In the case of discrete data, such as the number of traffic crashes, classical linear regression has some limitations, as indicated by [
7,
8,
9]. According to [
7], the use of a classical linear regression for discrete data may include the presence of unwanted statistical properties, such as the possibility of a negative crash count and the lack of adjustment to the distribution itself, due to the asymmetry common to the aforementioned data. In these cases, the use of Poisson or negative binomial regression models is more recommended.
When the interest lies in modeling the traffic injury crash proportions, a barrier to using a regression model for discrete data is that the value is continuous and restricted to the interval [0, 1]. It is also not appropriate to use classical linear regression, even if the data are continuous, because the data may exhibit right-skewness since the proportion of traffic injury crashes is generally low relative to the number of crashes. For situations like this [
10], the beta regression model is considered, which assumes that the response variable follows a beta distribution. This distribution is supported by the continuous unit interval (0, 1) and offers the flexibility to model both symmetric and skewed data.
In order to incorporate the spatial factor into the study of traffic crashes, ref. [
11] suggests the use of models that consider spatial dependence, given the influence between events that occur closer to each other. This dependency structure was also verified by [
12,
13], among others. Combining the concepts of beta regression and geographically weighted regression, defined by [
14,
15], the authors developed the geographically weighted beta regression (GWNBR). This approach seeks to model rates and proportions in a spatial context.
Thus, this work aims to apply the GWBR model developed by [
15] to traffic crashes that occurred in the city of Fortaleza, Ceará, between 2009 and 2011, considering the proportion of traffic injury (fatal and non-fatal) crashes.
2. Background
In reviewing the literature on traditional approaches to road and highway planning, there is a clear lack of explicit consideration for traffic safety issues and concerns [
16]. To show this, a scheme was proposed by [
17] to make the concept of security in the traffic system more apparent. In this new scheme, safety is an integral part of constructing the transportation network, being considered at each stage, from the addition of new accident information to the incorporation of new traffic volumes into the network. In addition, within the planning stage, actions for future security are also evaluated, thus adopting a proactive approach to this aspect.
As the vision of traffic planning has evolved, tools are needed to support this advancement, stimulating the search for more advanced techniques to model traffic crashes in a more objective/precise way, thus generalizing problems to avoid such incidents.

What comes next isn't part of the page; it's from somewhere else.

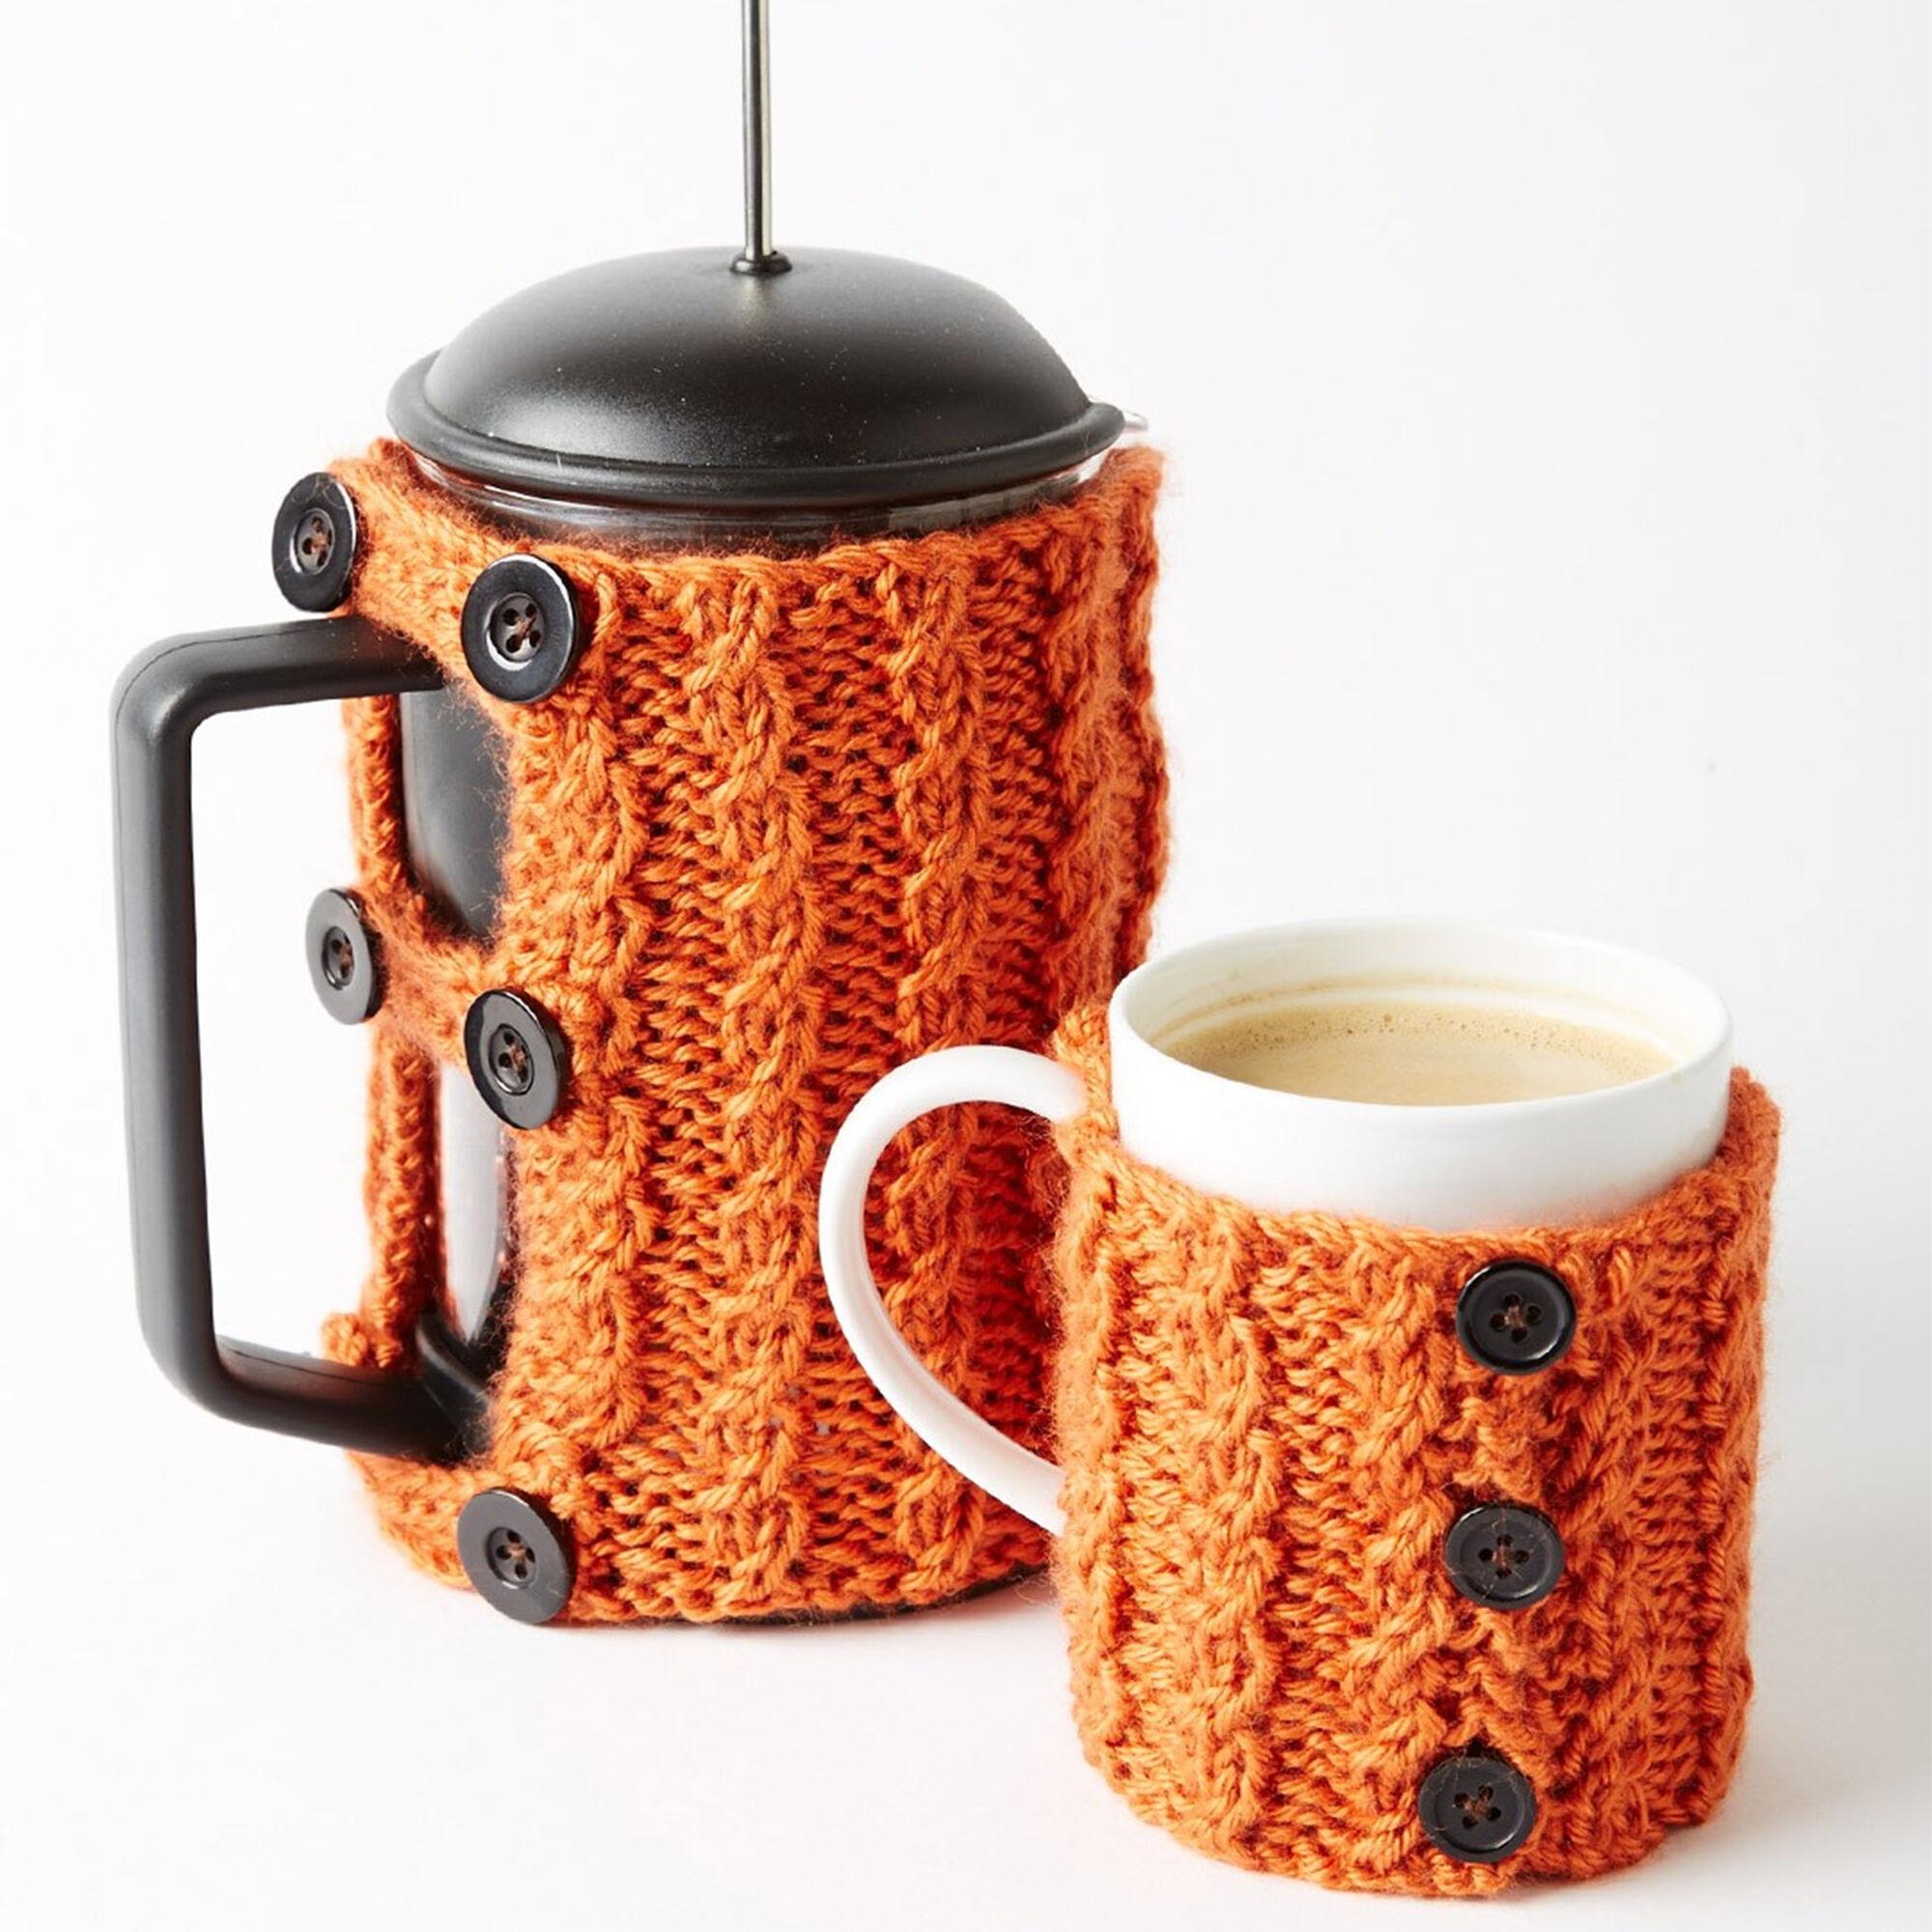 Caron Coffee Press And Mug Cozies | Yarnspirations
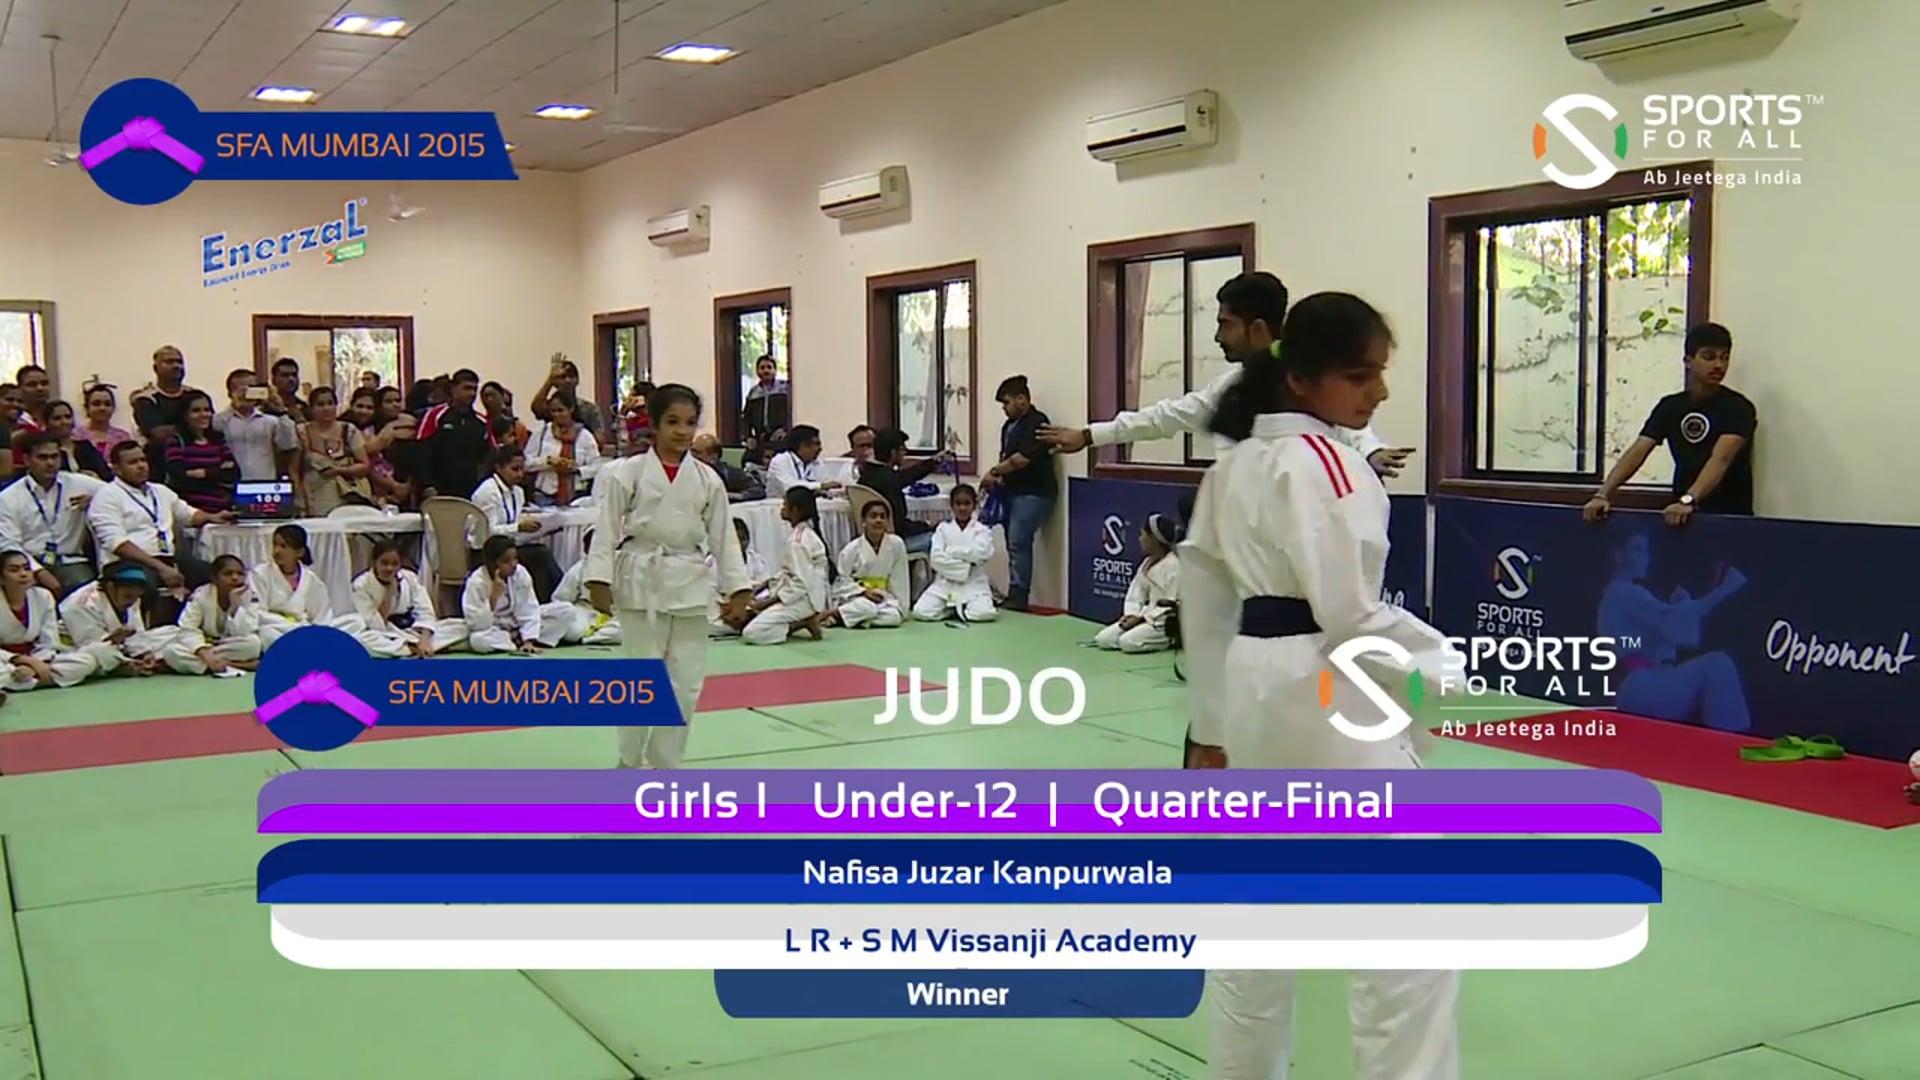 SFA Mumbai 2015   Judo   N J Kanpurwala Vs Madlani Isha Bharat   Girls   U-12   -37Kg   QF

For this, several studies aim to model such occurrences, with several different approaches, as shown in [
11,
18,
19,
20,
21].
Some characteristics to consider when modeling traffic crashes and aiming to proactively address such events include exposure to risk (traffic volume, mileage), the probability of involvement in an accident based on predefined characteristics, and the severity of the crash [
16]. The latter is extremely important for the work developed here, as the main focus is on the Vision Zero strategy, which aims to eliminate serious and fatal crashes [
1].
To perform the modeling, one should consider a spatial aggregation of occurrences by area units, such as census tracts, neighborhoods, or, most commonly in the modeling of traffic crashes, the traffic analysis zone (TAZ), as used by [
11,
12,
19,
22,
23,
24].
TAZs are geographic units constructed based on clusters according to the sociodemographic characteristics of the locality [
25]. The first systematic algorithm aimed at defining TAZ was proposed by [
26], optimizing an objective function for partitions of a locality based on some observed variables. Since then, this method of separation has been one of the most utilized for transportation planning.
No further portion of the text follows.